▶ _What is needed_: Print nothing except the line holding "مجرات متصادمة تمارس الحب، لا الحرب!" and the lines that come after it in the material below, and leave the pictures out.

▶ _Data block_:
◆ ◆ ◆ ◆

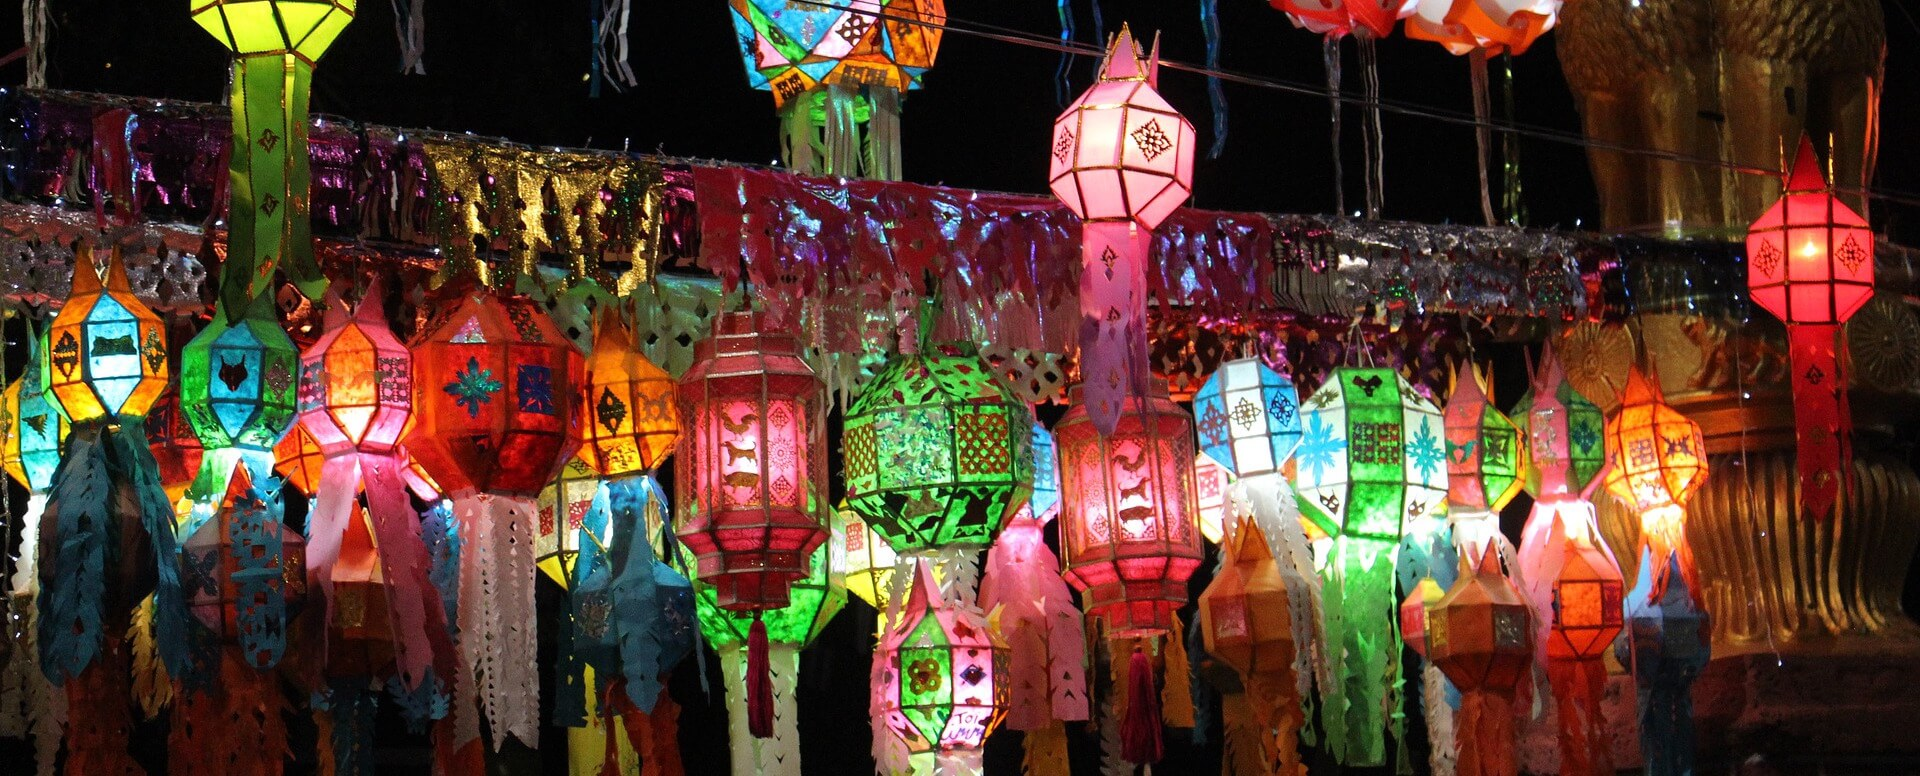 Des fêtes de rassemblement colorées - Thaïlande
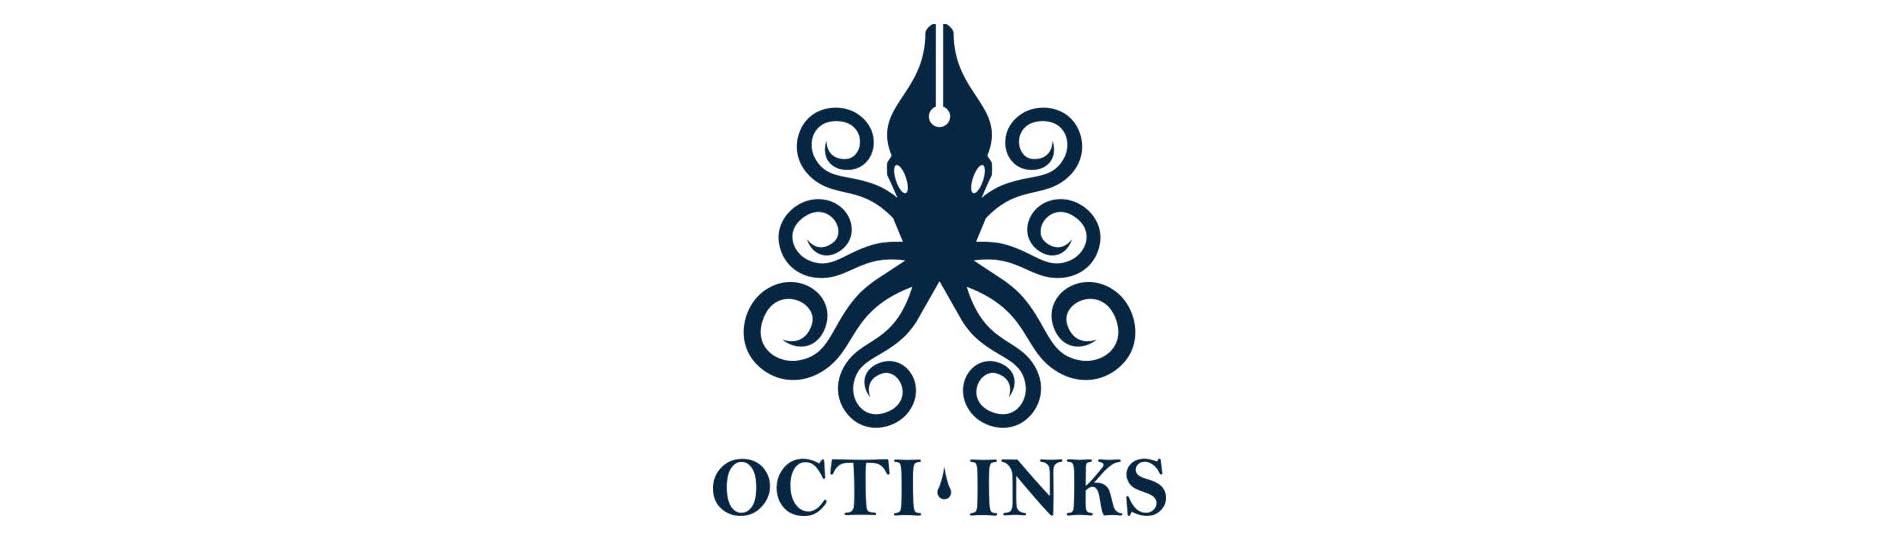 octi inks websitelogo 3.jpg
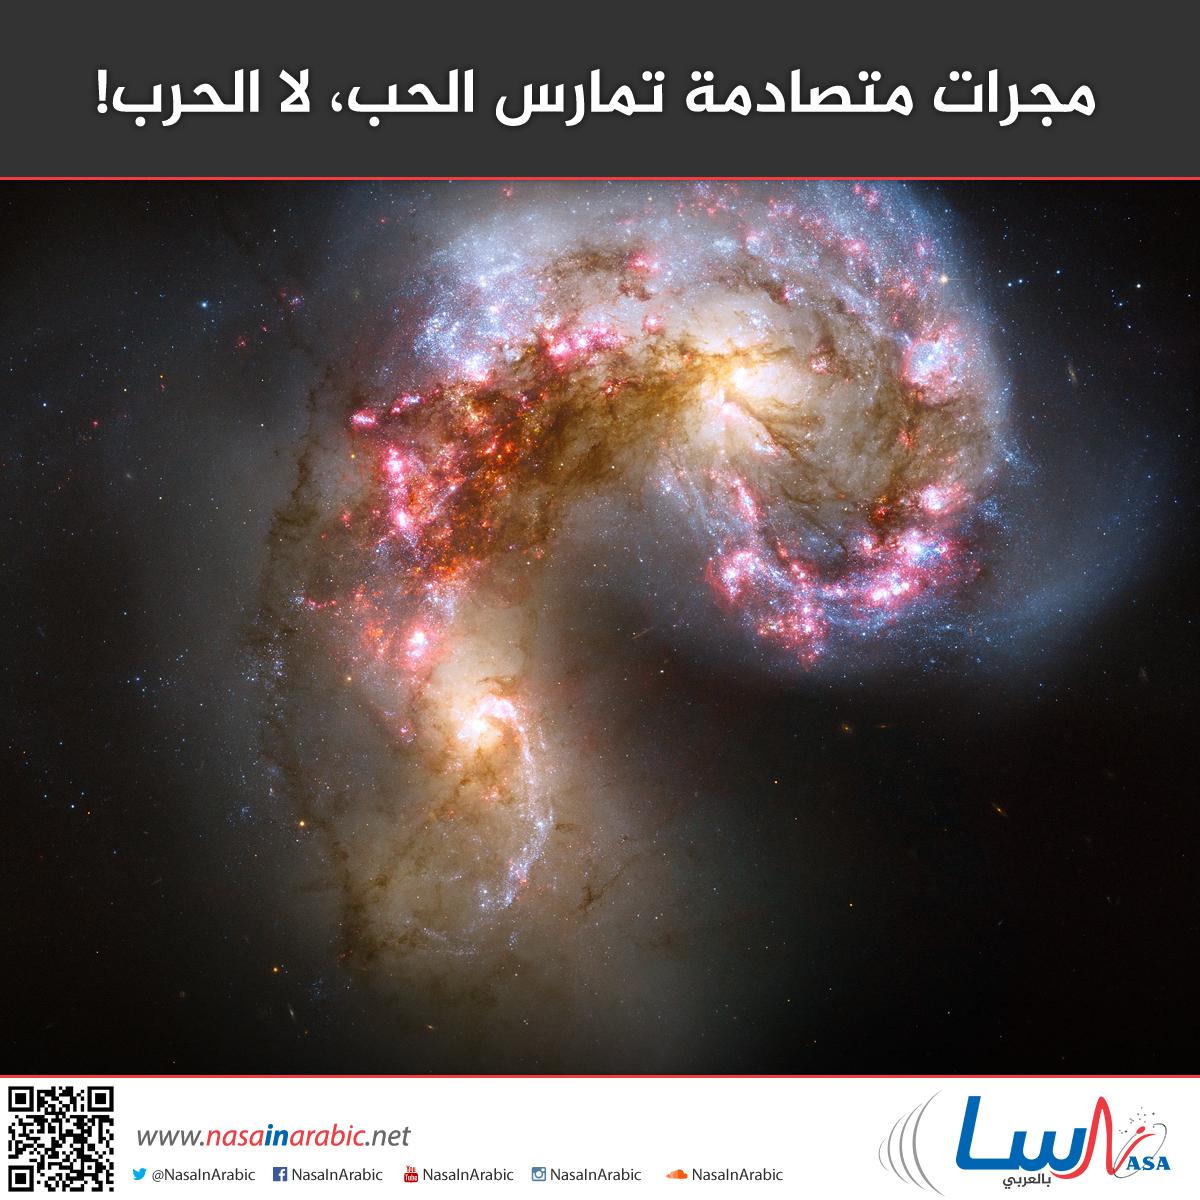 مجرات متصادمة تمارس الحب، لا الحرب!
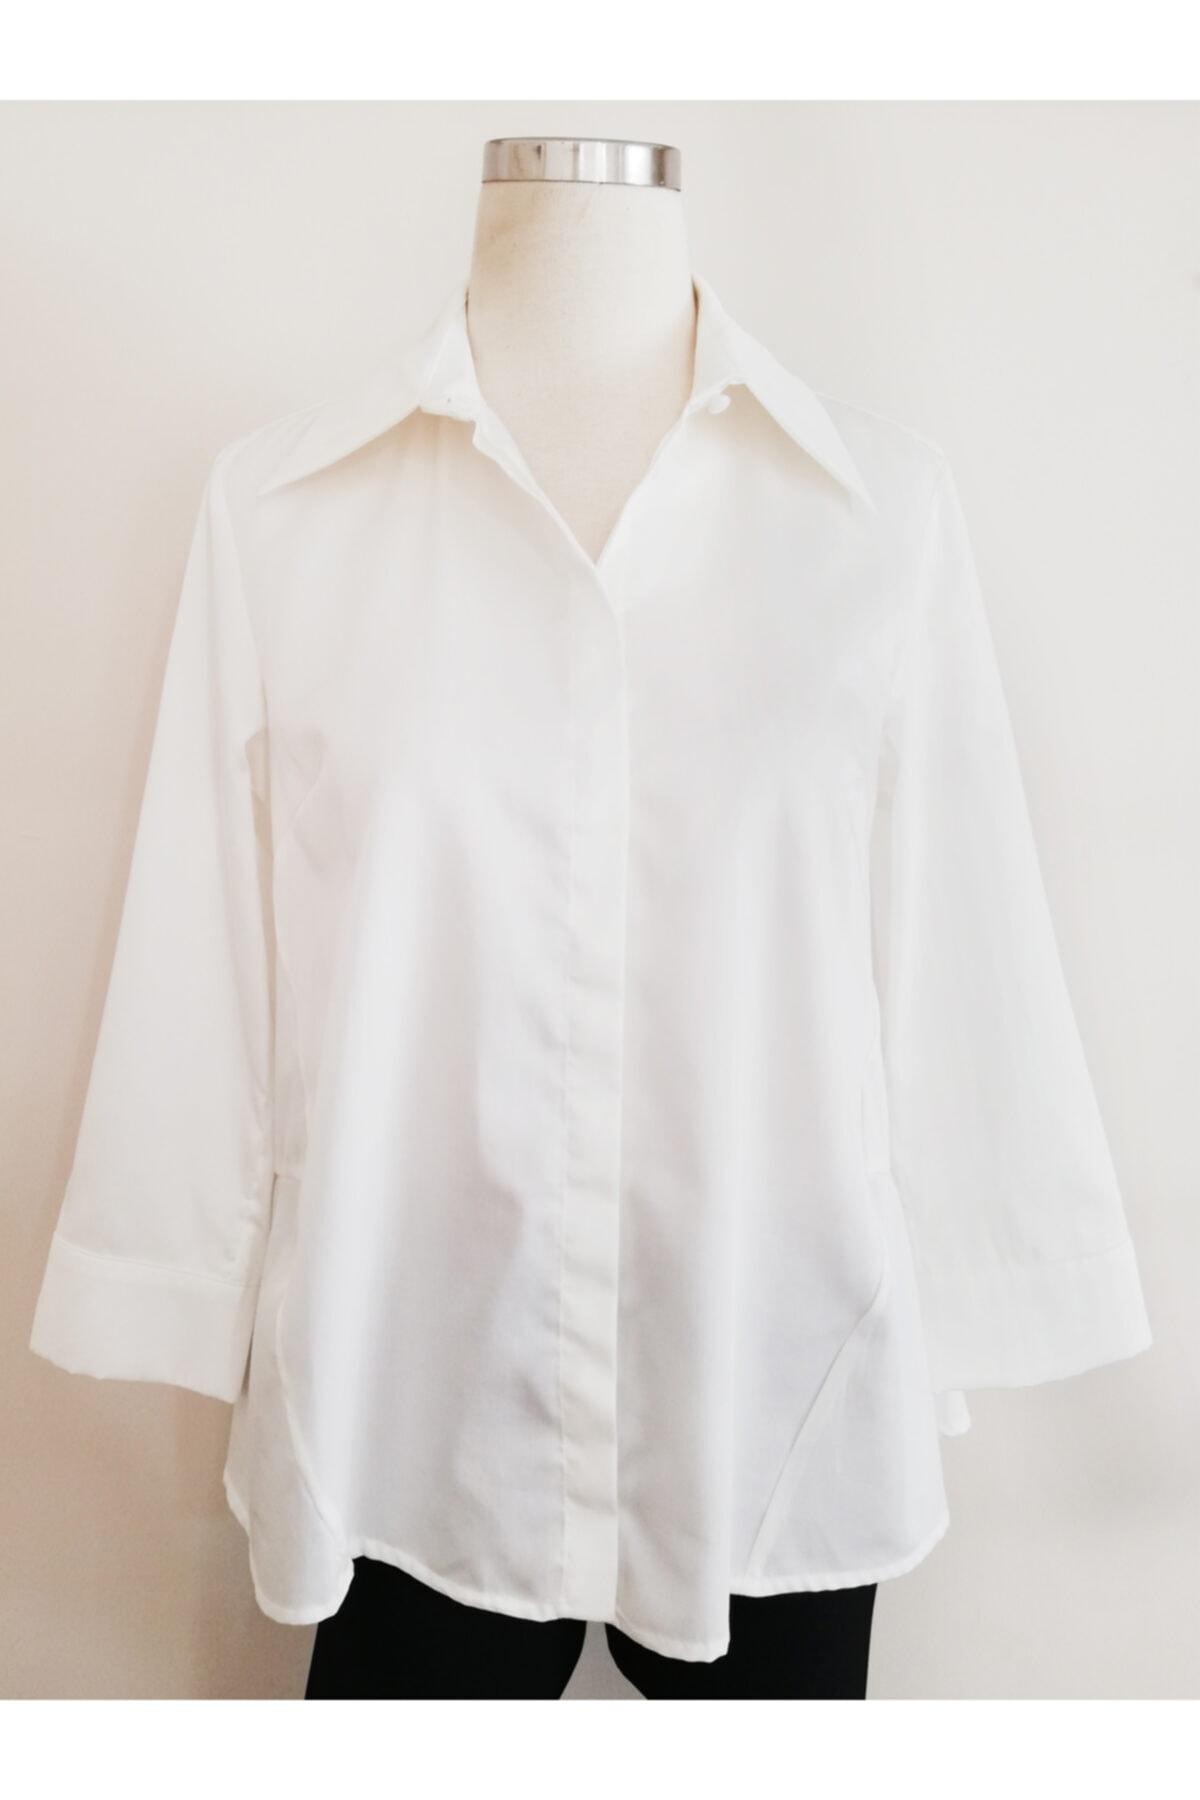 Vekem Kadın Beyaz Pamuk Gömlek 1

◆ ◆ ◆ ◆

▶ _Exercise solution_:
 مجرات متصادمة تمارس الحب، لا الحرب!
 Vekem Kadın Beyaz Pamuk Gömlek 1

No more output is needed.